You can download the JDBC Driver from the Oracle website, for example http://www.oracle.com/technetwork/database/enterprise-edition/jdbc-112010-090769.html. You must accept the license agreement before you can download the driver. Download theojdbc6.jar file and copy it to sqoop lib directory:
$ sudo cp ojdbc6.jar sqoop/lib
$ sudo cp ojdbc6.jar sqoop/lib
$ chmod -R 755 sqoop/lib

Import Data from Oracle to HDFS

Use below command to import the data

$ sqoop import -connect jdbc:oracle:thin:apps/apps@10.20.66.6:1521:vis1211 -username apps -P -table ap_invoices_all -columns "INVOICE_ID,VENDOR_ID" -target-dir /apinvoices -m 1

Required items for above command:
IPv4 Address – 10.20.66.6
Database Name – apps
Table Name – ap_invoices_allinvoices_all
Username – apps
Password – apps
Output Directory – Could be any. I have used apinvoices
Below commands may help you to identify if there is any issue

$ ping 10.20.66.6
$ nc -z 10.20.66.6 1521
Refer Sqoop user guide https://sqoop.apache.org/docs/1.4.2/SqoopUserGuide.html for more details

Verify the Data on HDFS


Open the Browser and go to the URL: http://localhost:50070/dfshealth.jsp
Click on Browse the filesystem
Click on apinvoices directory
Click on part-m-00000 file to see the data.


Sqoop list commands


Run the commands on the Unix prompt, on the node where you have sqoop installed.


1. List databases

Lists databases in your mysql database.

$ sqoop list-databases --connect jdbc:mysql://<<mysql-server>>/employees --username vchennar --password myPassword
.
.
.
INFO manager.MySQLManager: Preparing to use a MySQL streaming resultset.
information_schema
employees
test

2. List tables

Lists tables in your mysql database.

$ sqoop list-tables --connect jdbc:mysql://<<mysql-server>>/employees --username vchennar --password myPassword
.
.
.
INFO manager.MySQLManager: Preparing to use a MySQL streaming resultset.
departments
dept_emp
dept_manager
employees
employees_exp_stg
employees_export
salaries
titles


Importing data in MySql into HDFS 


Replace "vchennar-mySqlServer-node" with the host name of the node running mySQL server, replace login credentials and target directory.

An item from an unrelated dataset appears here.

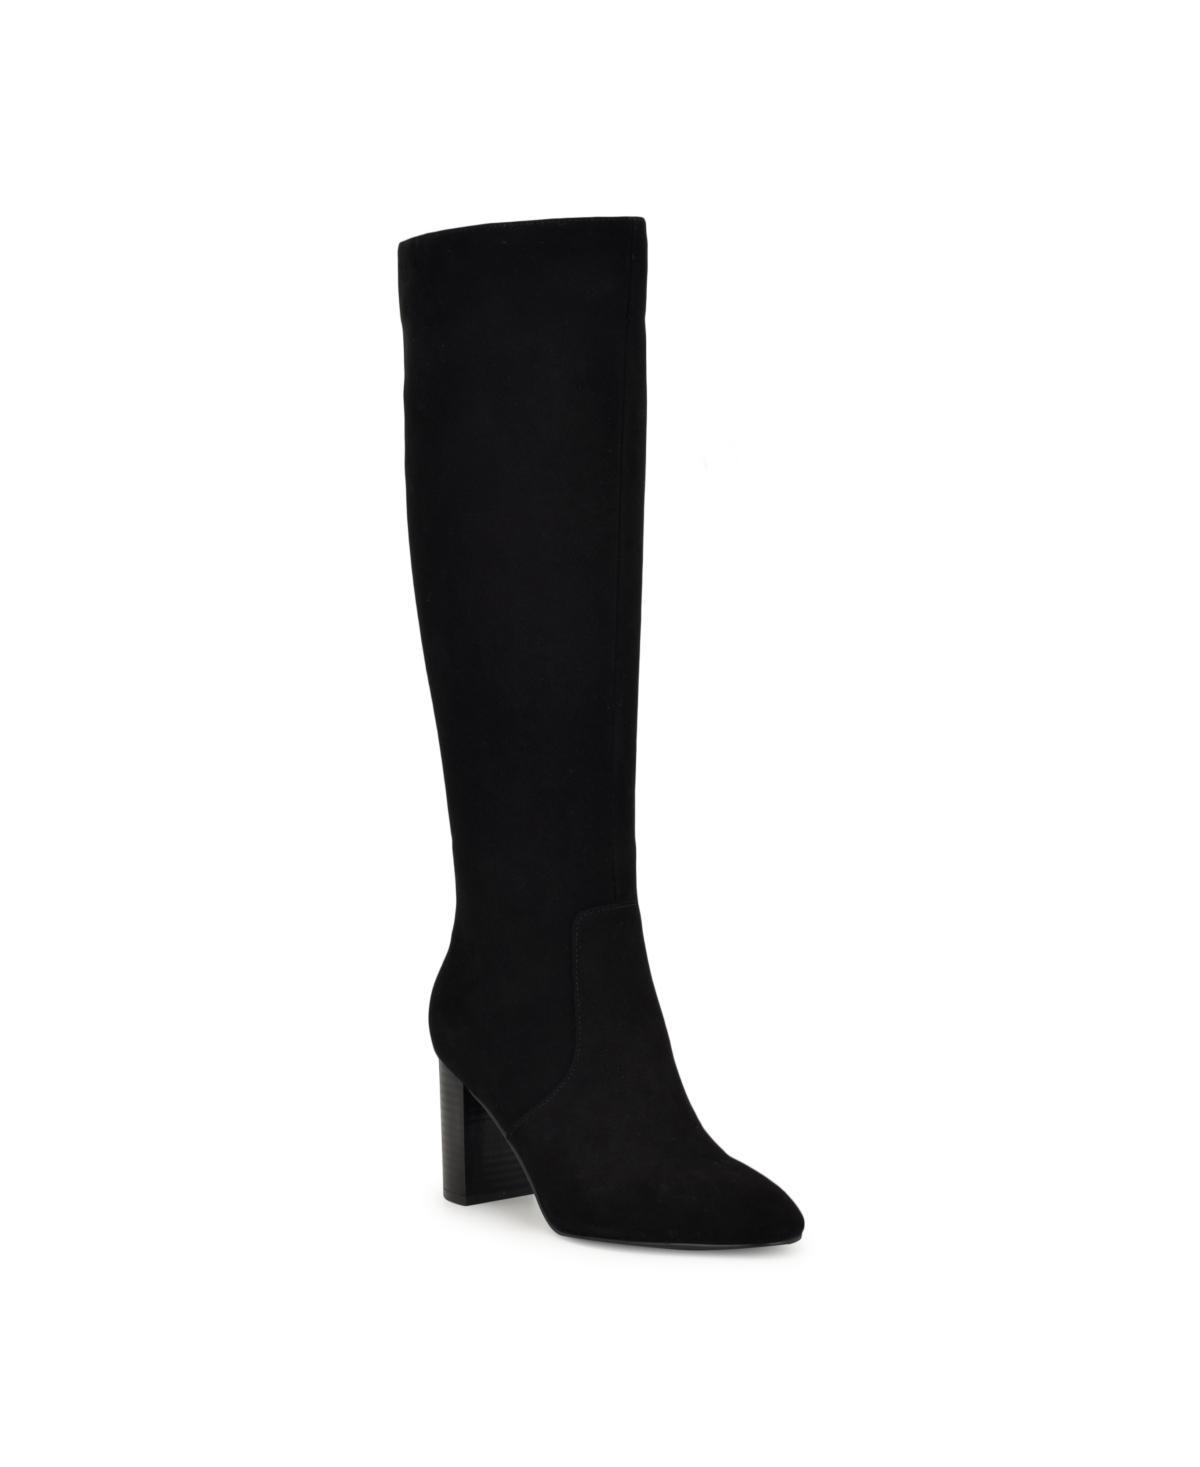 Nine West Womens Otton Stacked Block Heel Dress Wide Calf Boots Womens Shoes Product Image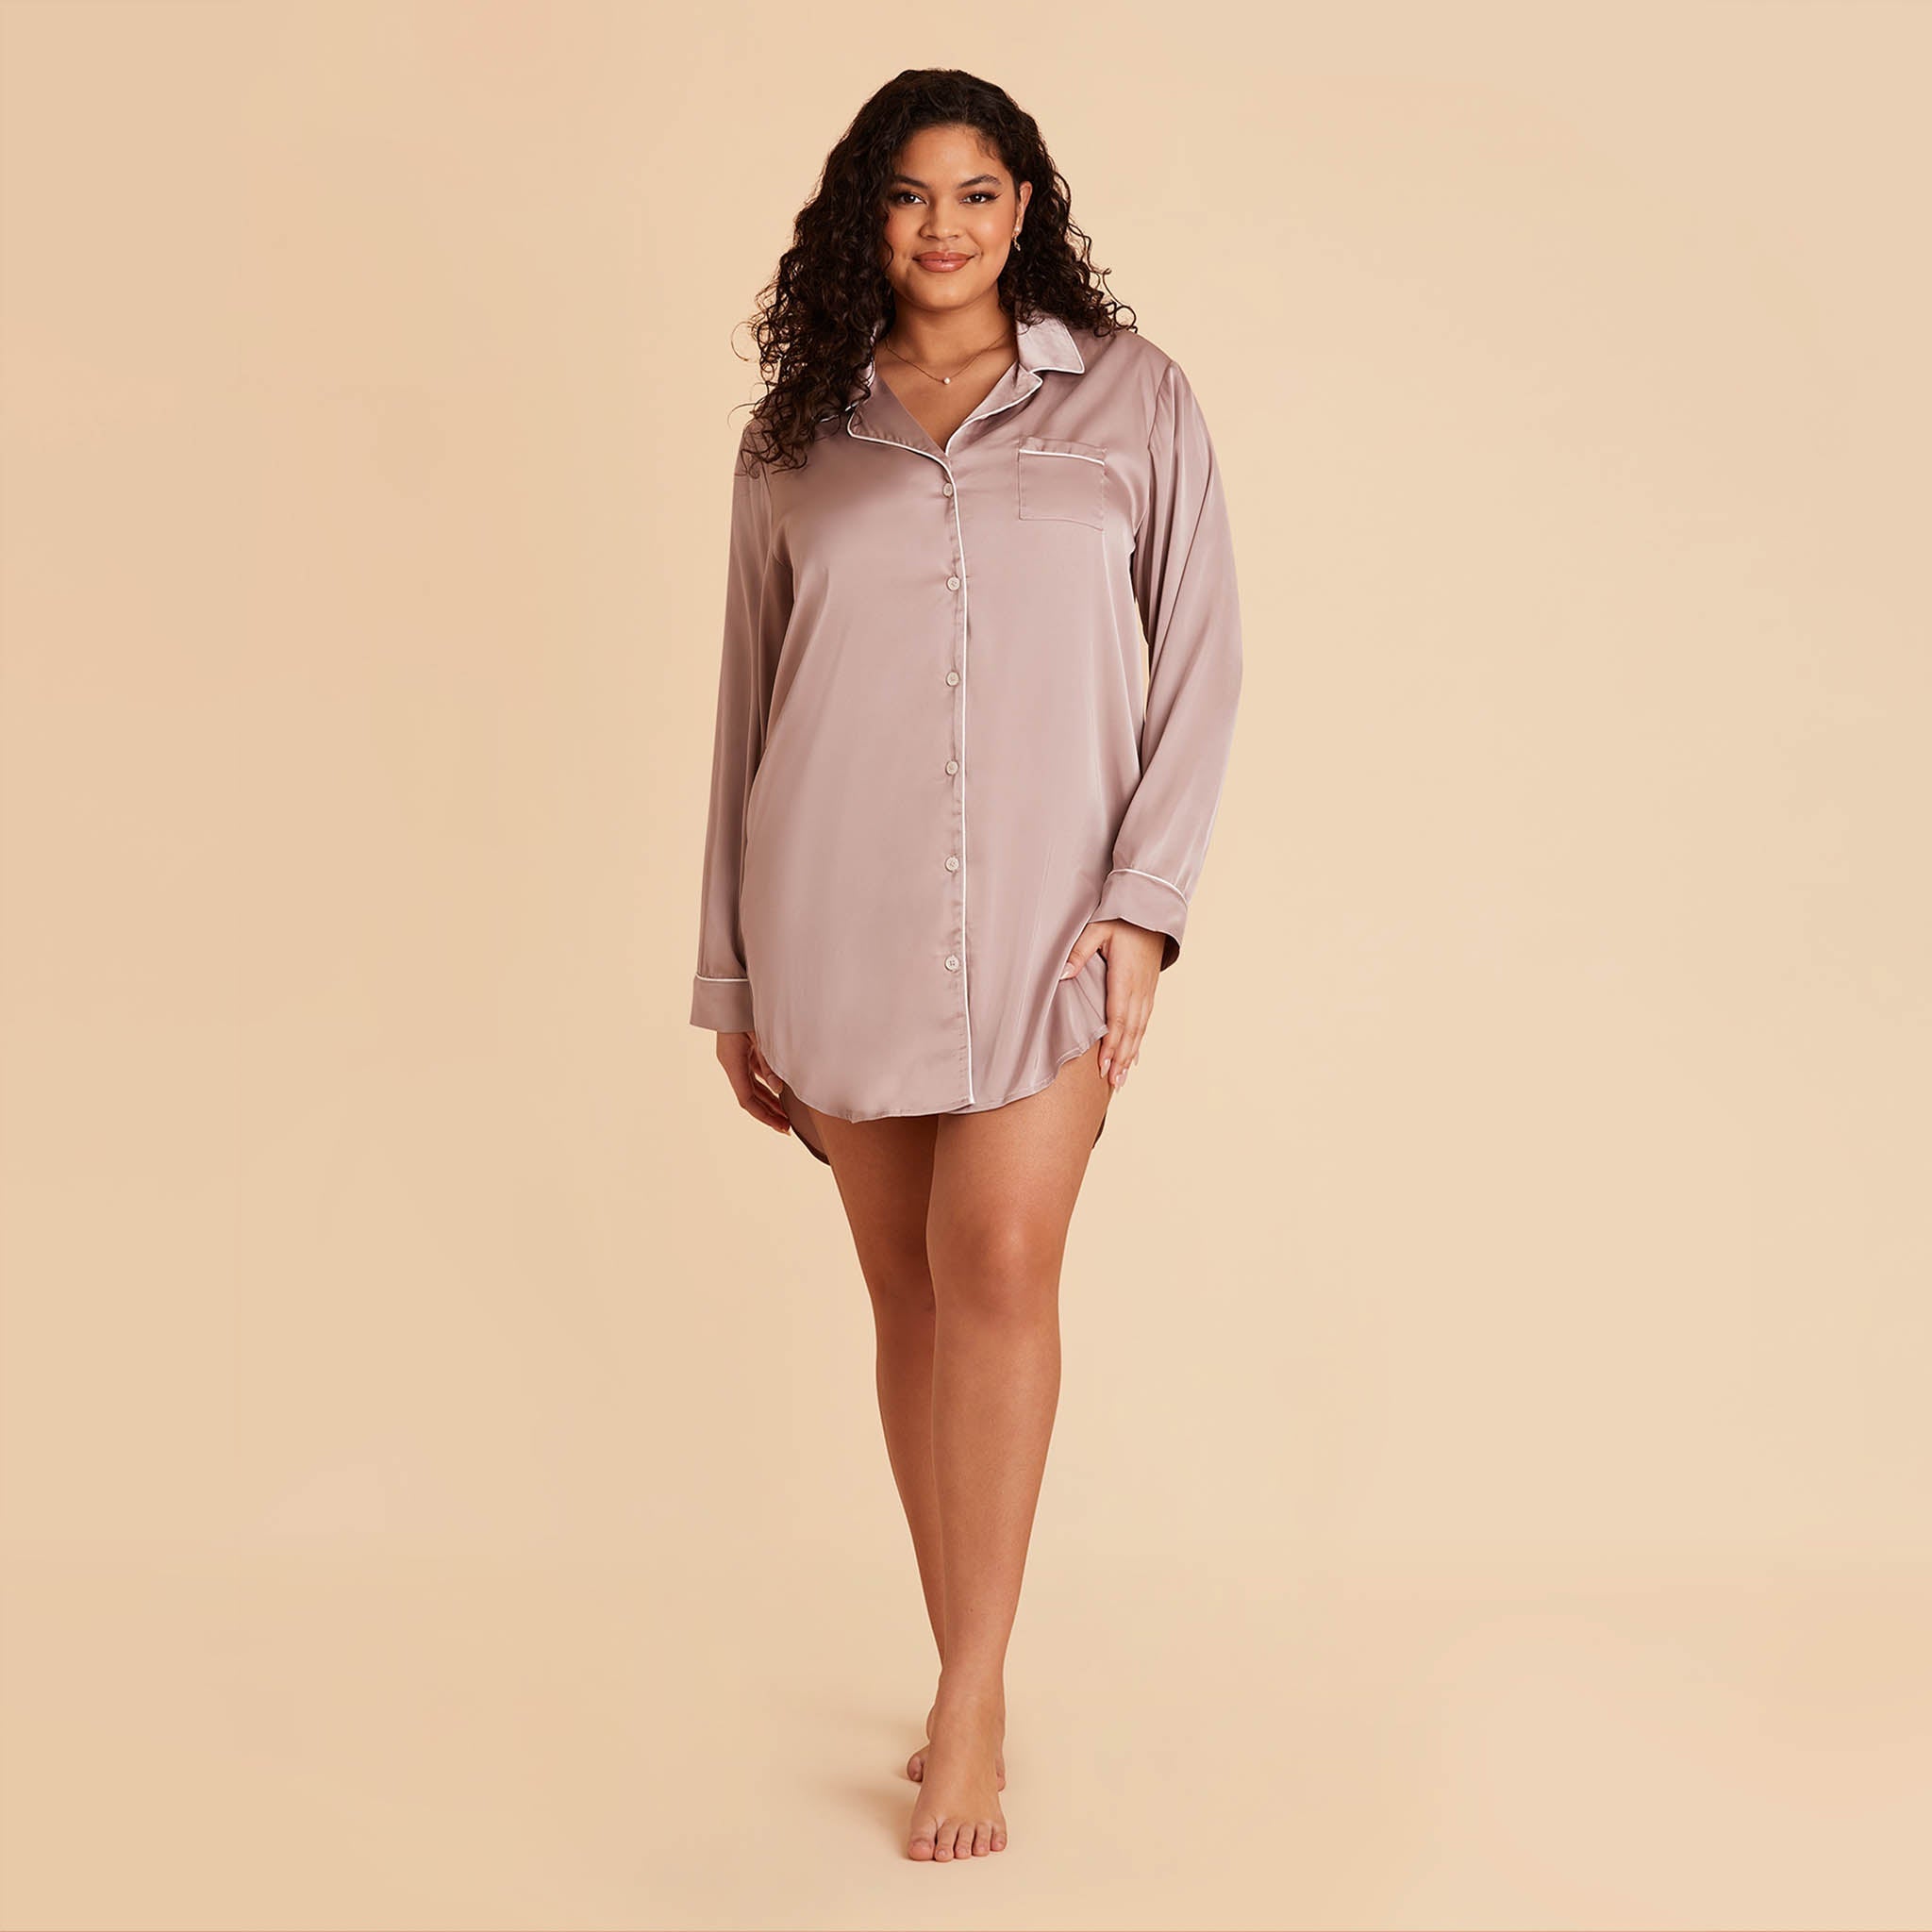 Plus Size Satin Sleepshirt in mauve taupe by Birdy Grey, front view

1. Importing a table into HDFS - basic import


$ sqoop import \
--connect jdbc:mysql://vchennar-mySqlServer-node/employees \
--username myUID \
--password myPWD \
--table employees \
-m 1 \
--target-dir /user/vchennar/sqoop-mysql/employees
.
.
.
.9139 KB/sec)
INFO mapreduce.ImportJobBase: Retrieved 300024 records

2. Executing imports with an options file for static information


Rather than repeat the import command along with connection related input required, each time, you can pass an options file as an argument to sqoop.  Create a text file, as follows, and save it someplace, locally on the node you are running the sqoop client on.  

Note: This blog does not cover it, but you can create and use a password file as well, that you can pass as argument --password-file <<filename>>.

2.1. Sample Options file:
___________________________________________________________________________
$ vi SqoopImportOptions.txt 
#
#Options file for sqoop import
#

import
--connect
jdbc:mysql://vchennar-mySqlServer-node/employees
--username
myUID
--password
myPwd

#
#All other commands should be specified in the command line
___________________________________________________________________________

2.2. Command to execute import, using an options file:


Note: Provide the proper path for the options file

2.2.1. The command

$ sqoop --options-file SqoopImportOptions.txt \
--table departments \
-m 1 \
--target-dir /user/vchennar/sqoop-mysql/departments
.
.
.
INFO mapreduce.ImportJobBase: Transferred 153 bytes in 26.2453 seconds (5.8296 bytes/sec)
INFO mapreduce.ImportJobBase: Retrieved 9 records.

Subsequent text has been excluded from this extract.